DEq models the marginal win rate attributable to drafting a card versus replacing it with a basic land. Under simplified assumptions, detailed below, the base formula for DEq can be explicitly derived and looks like this:

\[ \text{DEq Base} = \text{GP %}(c) \cdot \left( \text{GP WR}(c) - \mu_{\text{GP WR}} + 3.0\% \cdot\left(1 - \frac{\text{ATA}(c) - 1}{ 14}\right)^2 \right). \]

To better model expected selection biases and movements in the metagame, I add two adjustment terms, which are both relatively minor in comparison with the base formula above. DEq Base is perfectly suitable on its own as a card quality metric. Before moving on, let me collect the free parameters of the DEq formula here along with their current values, for reference.
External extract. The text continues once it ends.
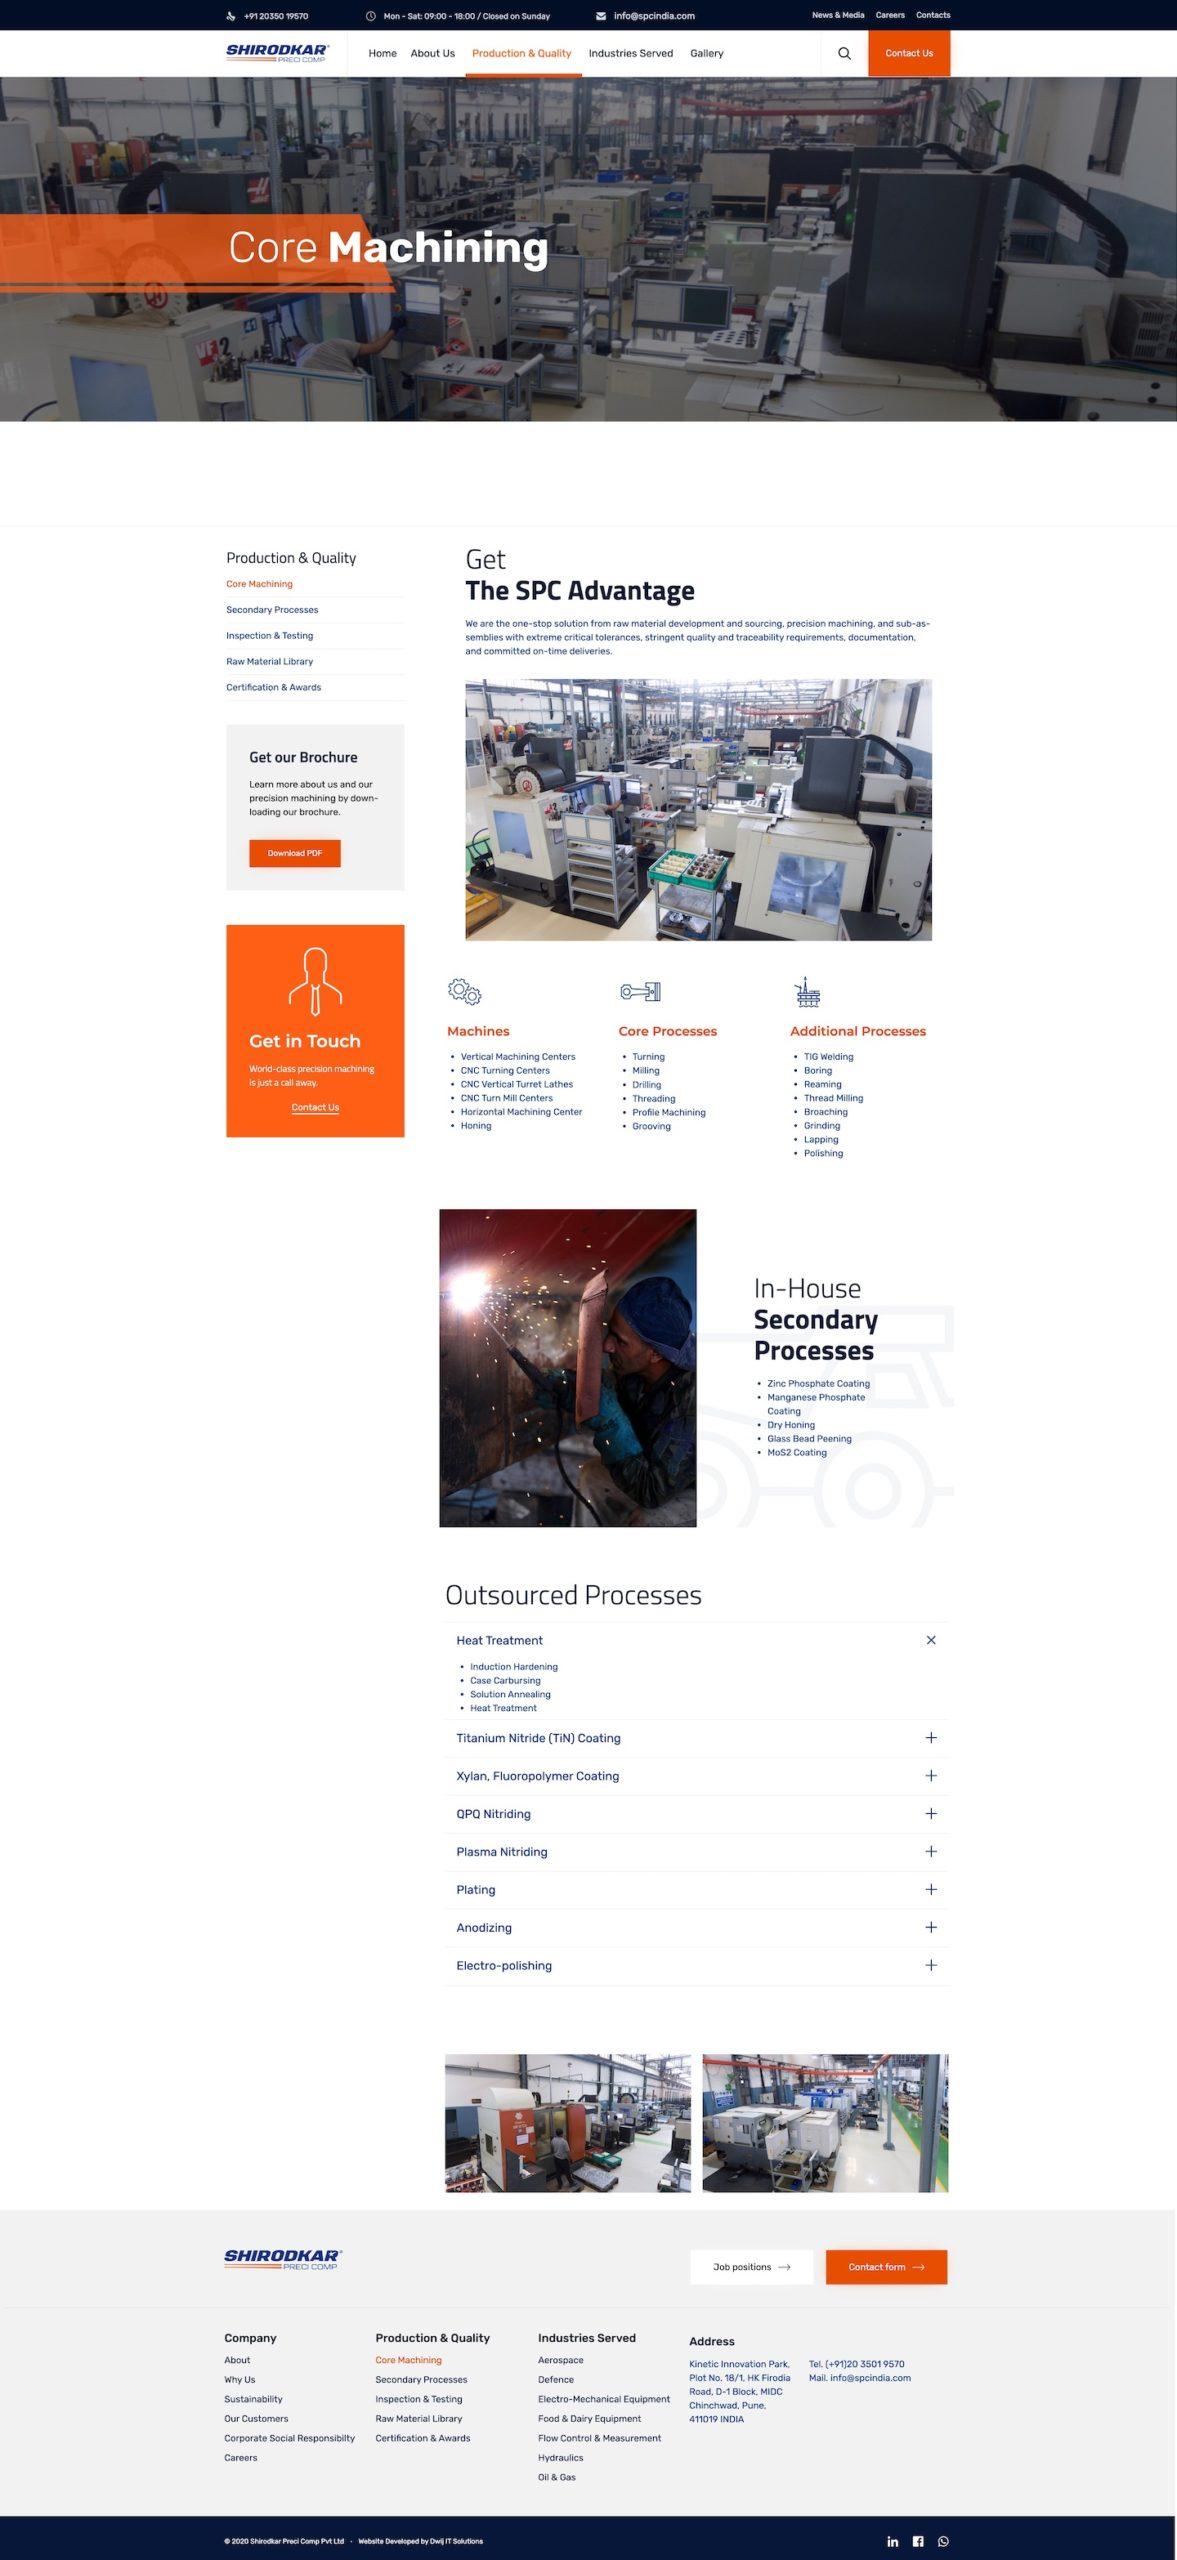 spcindia.com-manufacturing-website-development-pune-india-core-machining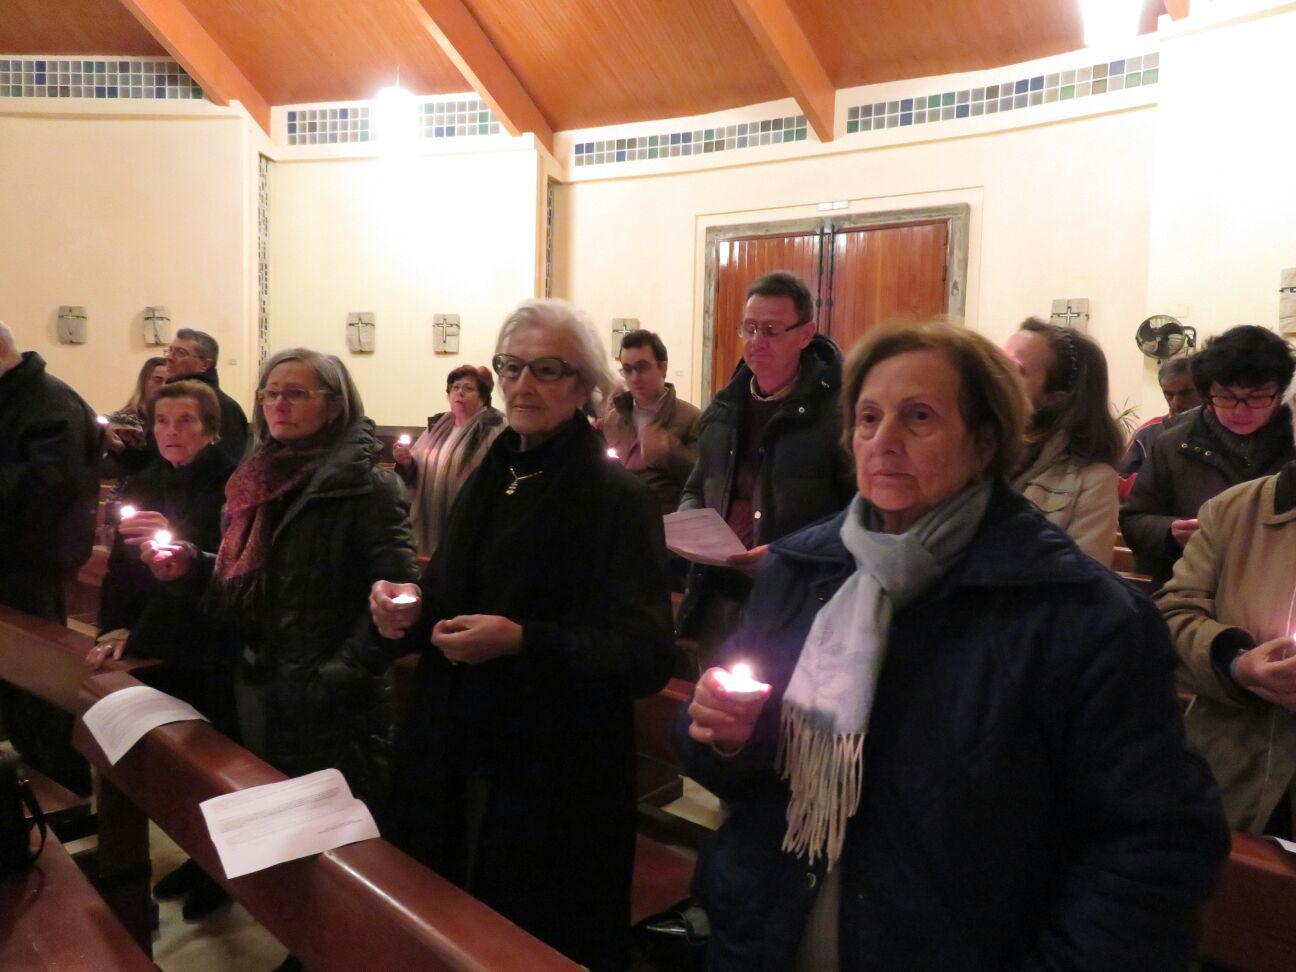 ntro Ecuménico en la parroquia de Santa Mª Goretti, en Málaga

ATA 1.0 pick equity \(r_1 = 3.0\%\)
Cards per pack \(K = 14\)
Bias adjustment coefficient \(\beta = 0.6\)
Daily metagame mean-regression rate \(\lambda = 0.95\)
Daily games played decay rate \(\gamma = 0.95\)
Card DEq impact of metagame decay \(L = 0.6\)

Pick Equity#

Let

\[\mu = P[\text{W}]\]

be the theoretical mean game win rate for a given player cohort (e.g. me, you, or 17Lands “Top” players) for a metagame (e.g. a particular set on a particular day for a particular rank), and let

\[\mu_k = P[\text{W} | N_k]\]

be the probability of winning conditioned on a “null pick” \(N_k\), meaning, picking a card straight into the trash, or replacing it with a basic land, for one \(k\)-th pick in one pack (i.e. averaged over the three packs). Then let

\[ r_k = \mu - \mu_k \]

be the “pick equity” of a \(k\)-th pick, that is, the marginal win rate attributable to making that pick, on average. When you choose a card with a \(k\)-th pick, on average, you are giving up \(r_k\) of winrate in exchange for adding that particular card to your pool.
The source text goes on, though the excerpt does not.